There are two main reasons for this. The first is that Trump wants to be unpredictable. By disposition or personality type, he enjoys being impulsive and difficult to deal with. But over the course of his life, and especially his first presidency, he came to realize that the less people know what he’s going to do, the better off he seems to do. Regardless of whether that’s better for the country as a whole, many advantages for him personally accrue from being this unpredictable force — inputs come in, and we don’t know what’s going to come out the other side.
He believes this gives him negotiating leverage. He believes that this makes his strategies more likely to succeed. There’s something self-serving about this, but he has taken this disposition and elevated it to an official philosophy.
Jordan Schneider: In an interview with the Wall Street Journal editorial board before the 2024 election, Trump said there’s no way Xi was going to invade Taiwan on his watch because “Xi knows I’m fucking crazy.”
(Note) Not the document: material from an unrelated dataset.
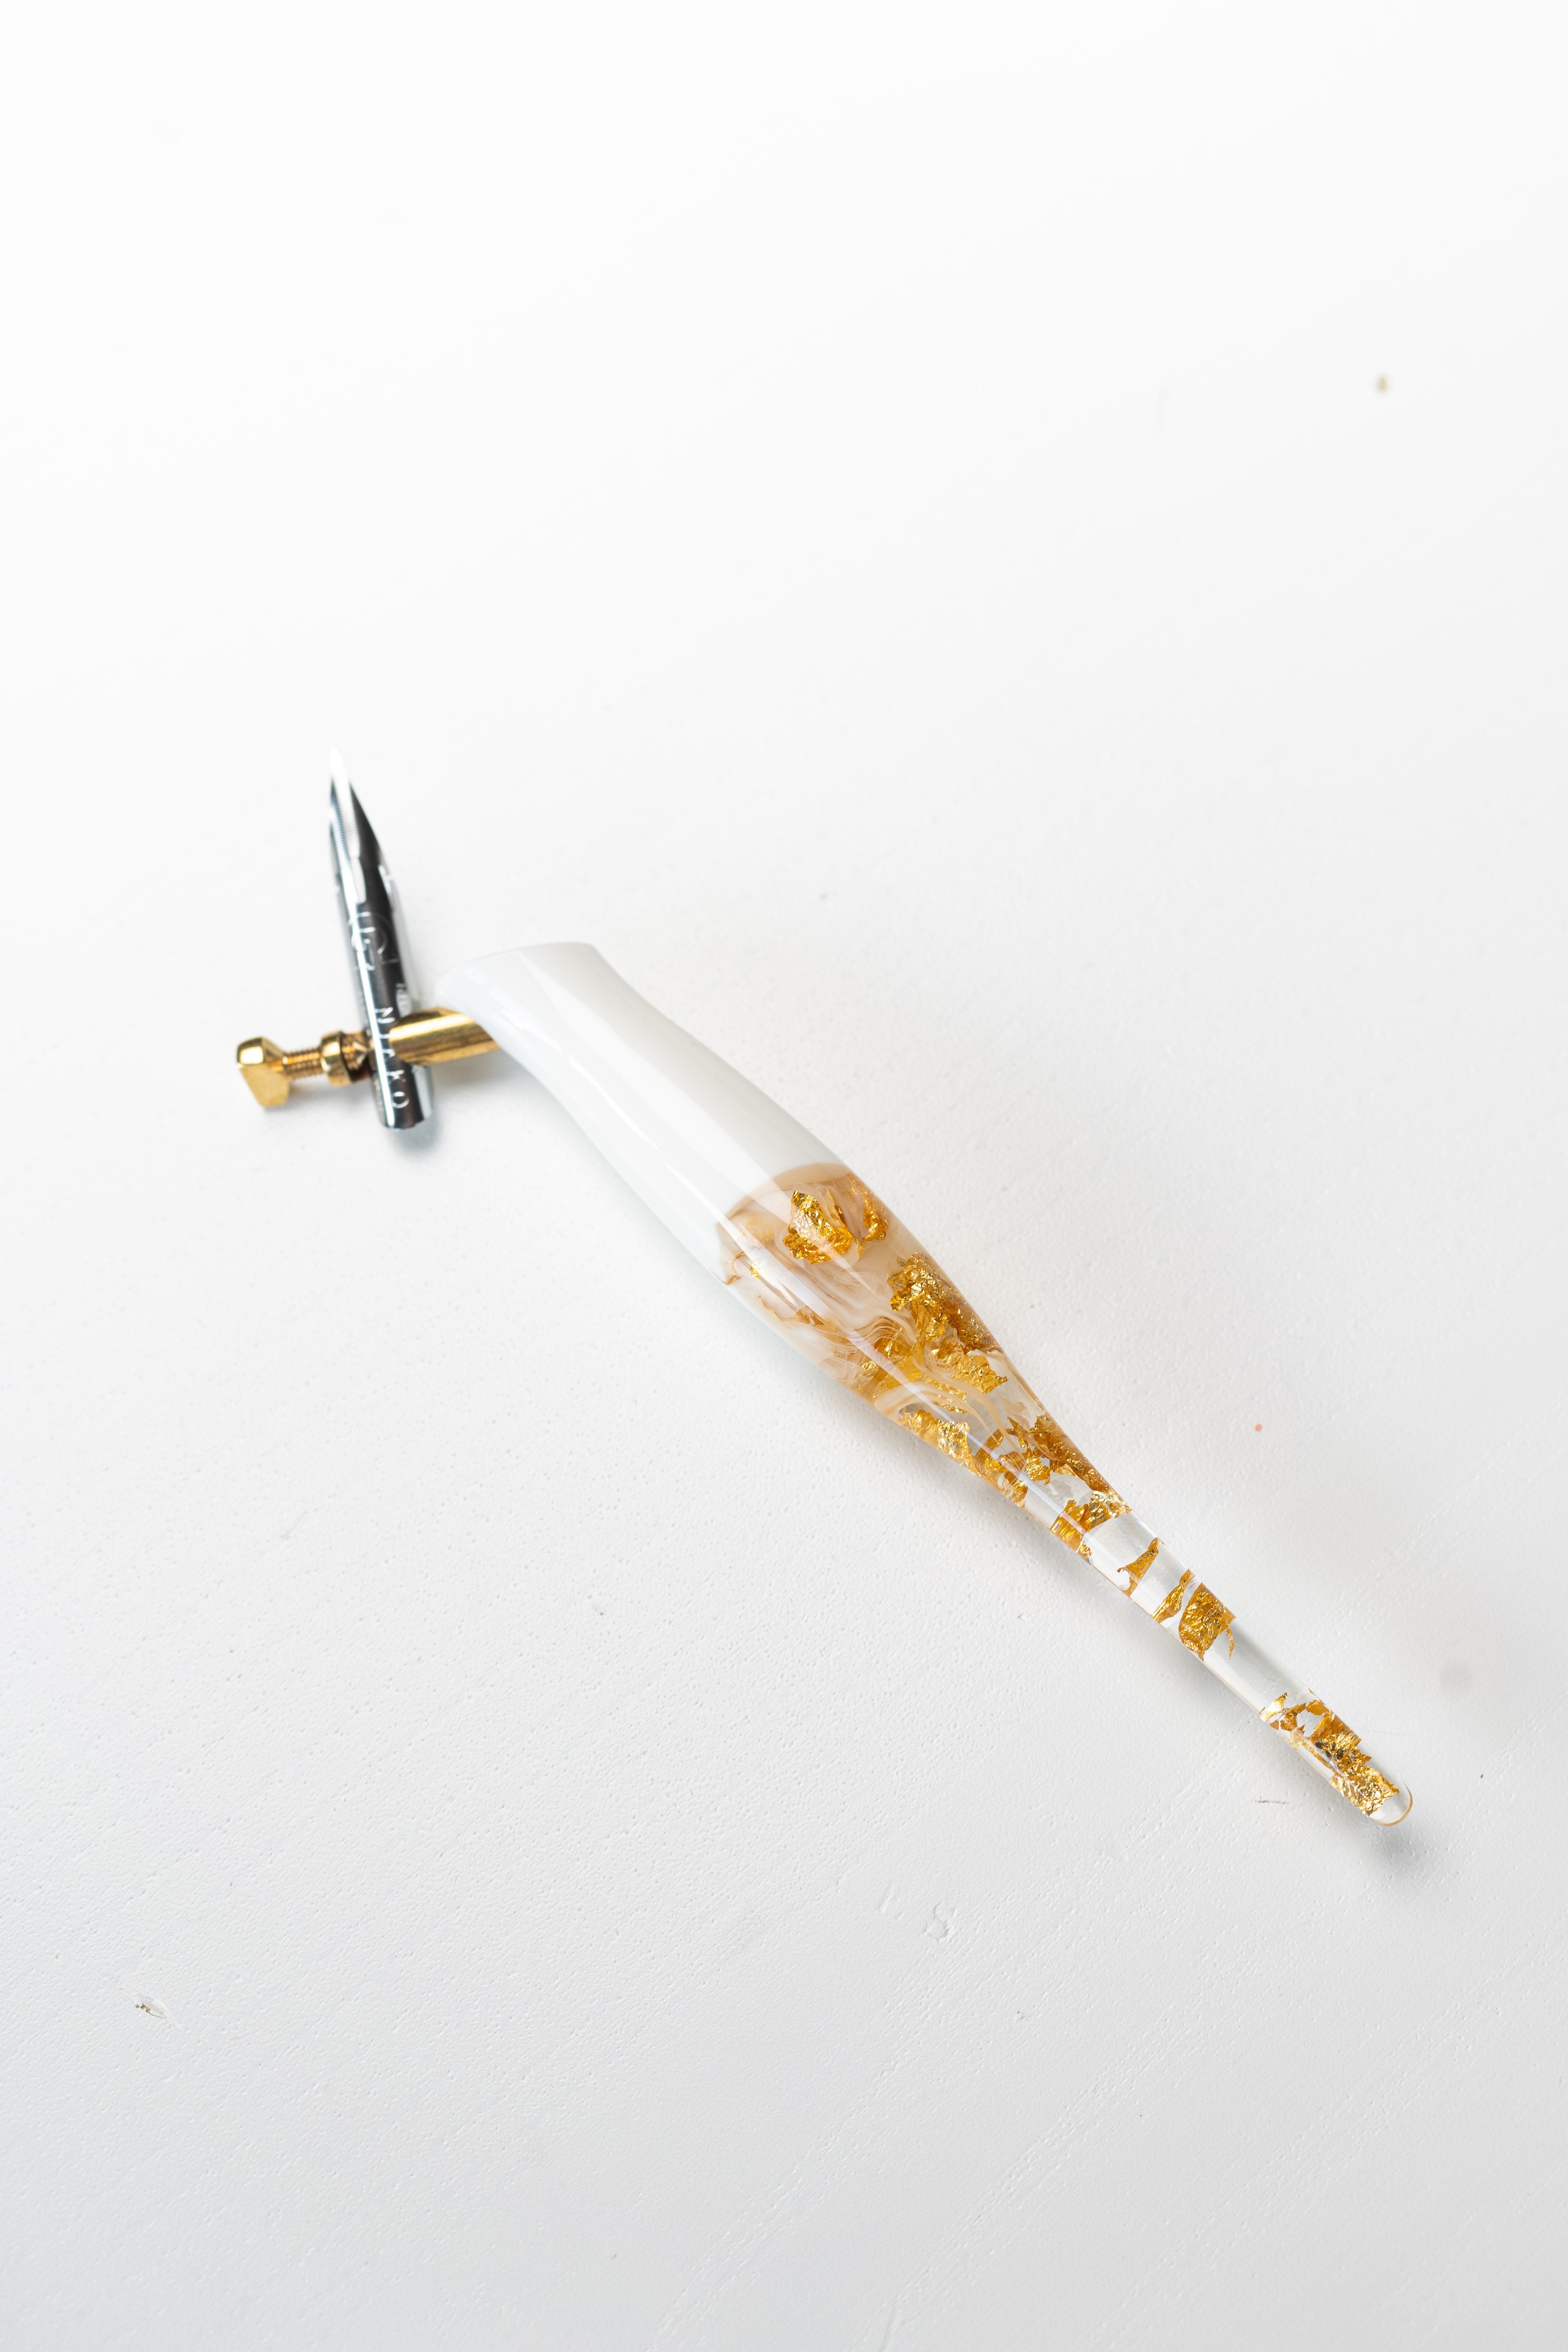 Rolfpens — Oblique Pen Holder Ergonomic o Minimal Zen

Tanner Greer: Yes. That was his exact quote. When it comes to Chinese leaders in particular, but world leaders generally, he wants them to think he could do just about anything. A lot of his behavior can be understood as an attempt to make that belief credible. Nixon had the same idea.
This is a key part, in my view, of why Trump does what he does. He actually believes that if he nails himself down by explaining what he’s going to do or how he’s going to do it, then that will work against him and remove his negotiating leverage in the future.
He views international relations as a set of iterated negotiating patterns, as opposed to charting a big long-term strategy of trying to get from A to B accounting for lots of inputs along the way. Instead, he views things iteratively, trying for a better position over time.
Jordan Schneider: We’ve got a lot of competing impulses here. You have these visions that have populated the GOP, where big tariffs need to happen in order to raise revenue, improve negotiating positions, revitalize manufacturing, and decouple us from China. Then you have this iterative game that Trump enjoys playing.
It’s interesting to me that tariffs, which he has clearly prioritized for years, have not had an organized rollout. Even though Trump has been focused on tariffs for a very long time, the implementation appears haphazard compared to, for example, the strategy to squeeze Ivy League universities and law firms.
Tanner Greer: There are essentially two reasons for this. First, as I mentioned, Trump believes that increasing uncertainty about what he will do next is to his strategic advantage. He clearly believes this in the international sphere.
Second, there’s a management style element involved. Trump doesn’t view this as a problem — he sees it as his preferred method of operation. His strong preference is to have a team with conflicting opinions. He wants personal loyalty, but as long as he has that loyalty, he prefers strong personalities who have widely divergent opinions on what should happen and how it should happen.
His management style is to pit these people and factions against each other, then act as the kingmaker who swoops down and chooses the winner of these various discussions. You could think of it as his way of solving the principal-agent problem. How do you keep a bureaucracy in line when it has its own interests? His preferred approach is to pit parts of it against each other.
This style has some advantages. Multiple people I interviewed pointed out that this is very different from how Condoleezza Rice ran the NSC in the lead-up to the Iraq War. Under Rice, there was an attempt to find a consensus position and present it to the president rather than allowing arguments to go directly to the top. If you’re a Republican who wants to avoid repeating the George W. Bush experience, you can understand why Trump’s approach might be attractive.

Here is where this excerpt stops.